Гао-дай отчасти – посол из прошлого, отчасти – заложник эксперимента. Ему трудно разобраться в чужом времени и пространстве, он чувствует себя беспомощным, как ребенок. При этом автор показывает его носителем великой культуры, человеком образованным, одаренным, но по-китайски не чуждым ритуальности, приверженности заведенным правилам, с которыми ему трудно расстаться: «
Возможно, впервые две разные цивилизации двух разных эпох оказались соединены в литературном произведении, чтобы оттенить друг друга, выявить те бросающиеся в глаза черты, которые и стали особенностью менталитета древнего народа и народа современного. Гао-дай пишет о том, что его поразило: о современных машинах и механизмах, о раскрепощенных женщинах, о европейских улицах, домах, вечеринках, манере вести беседу. Этот герой достаточно умен, чтобы не возмущаться происходящим, а скорее – удивляться и брать на заметку.
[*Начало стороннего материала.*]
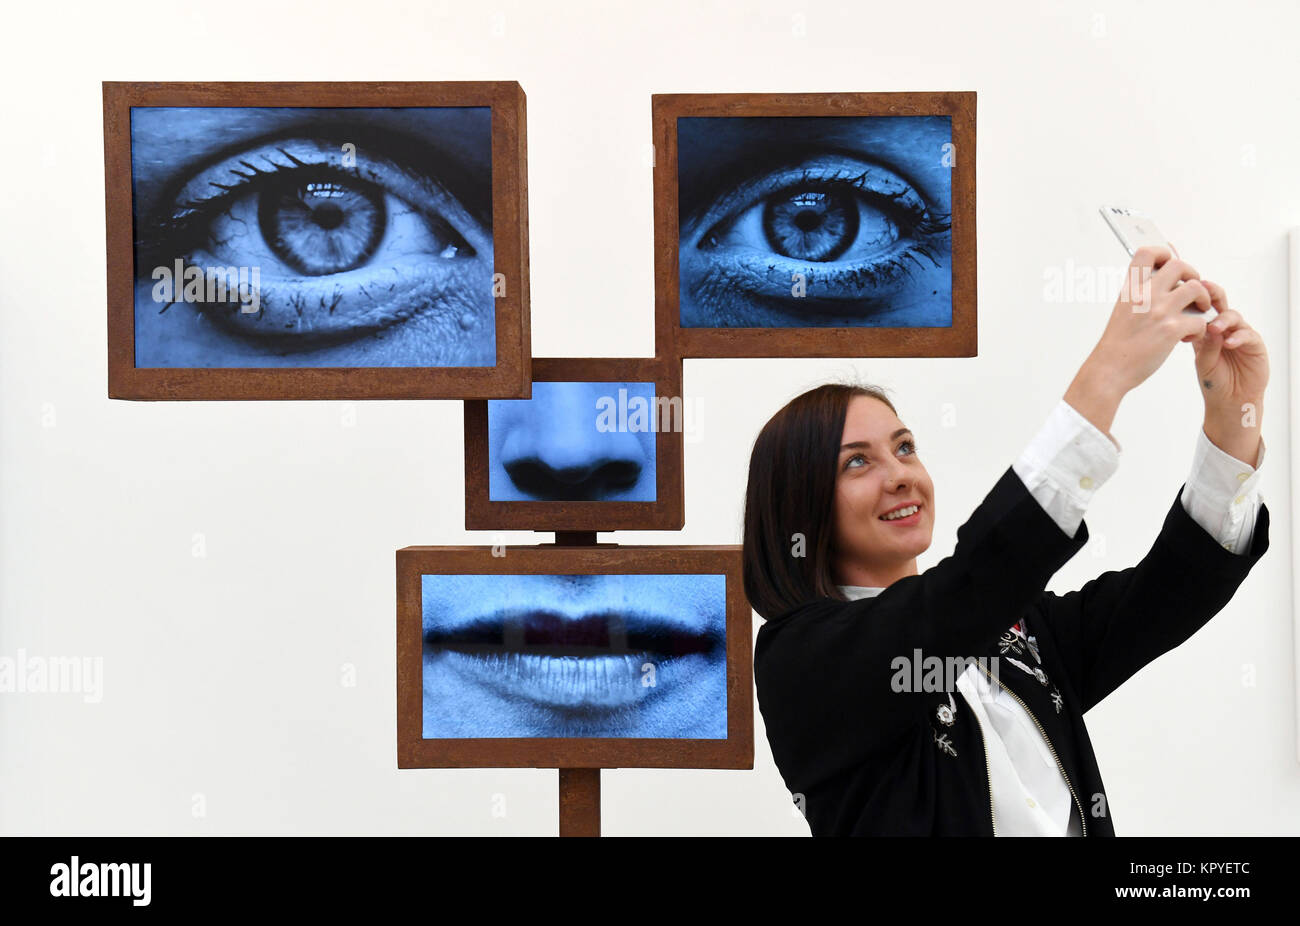 Rückblick auf das Jahr 2017: März: ein Besucher nimmt eine selfie vor einer Installation während einer Pressekonferenz an der Selfie zum Ausdruck des Selbst Ausstellung in der Saatchi Gallery in London, das Blicke auf die Geschichte der selfie vom Hochformat Künstler bis hin zu modernen selfies. Stockfoto

Он действительно наблюдатель и летописец, которому хочется донести до своих современников и соотечественников ценные сведения о других людях. Герои романа Розендорфера учатся понимать и принимать друг друга, несмотря на огромную пропасть во времени, традиции, культуре. Сами того не подозревая, они выступают в роли дипломатов разных времен и культур.
Сила привычки
Дипломат – человек, который дважды подумает, прежде чем ничего не сказать.
Никому ничего не сказать
А теперь немного о психологии этих людей. Однажды Константин Мелихан сказал, что «дипломат – это человек, к которому приходишь с одним вопросом, а уходишь – с тремя». Жизнь подтверждает точность этих слов.
В первый раз автору этих строк пришлось общаться с профессиональным дипломатом, когда возникла необходимость кое-что выяснить. Дипломат был в прошлом чрезвычайным и полномочным послом и вел себя соответственно статусу – воспитанно, корректно, предупредительно и вообще безупречно, не говоря уже о скромном обаянии, присущем людям его публичной профессии, за которой скрывается совсем другое.
О том, что скрывается за публичностью, мне узнать не пришлось, да я в тот момент и не особо стремилась: меня больше занимала судьба одного эмигранта, известной творческой личности. Вопрос, адресованный дипломату, был простой и совершенно безобидный: «Помните ли вы такого артиста?»
Но невинный вопрос вызвал настороженную реакцию и нервическое беспокойство. Интервьюируемый посол сделал все, чтобы реакция осталась незаметной, и ему это почти удалось. Только в глазах появилось странное выражение – стеклянное какое-то. На мгновение посол словно впал в какую-то лирическую задумчивость, а потом молвил:
– Нет, сожалею, но я его не помню. Эта фамилия мне неизвестна.
Вообще-то эта фамилия была известна на рубеже 60—70-х годов каждому, кто проживал в нашей стране, потому что речь идет о человеке, который нередко завершал праздничные кремлевские концерты… Прямой и отрицательный ответ как будто ставит точку на всем интервью, но, когда человек разочарован, он начинает настаивать:
– Не может быть, чтобы вы не помнили. Приезд этого артиста в страну произошел через две недели после вашего назначения. Тогда все об этом говорили.
При этом мне думалось: «Ну как же так? Ведь ситуация-то была для нашего государства скандальная. Все СМИ брали интервью у артиста, получившего убежище. Его фото красовались повсюду, ему предстоял гастрольный тур по стране. Ну не мог же посол не знать о таком».
– А я не помню, – повторил посол, хотя с тех пор прошло уже больше сорока лет, а тех людей уже давно нет в живых.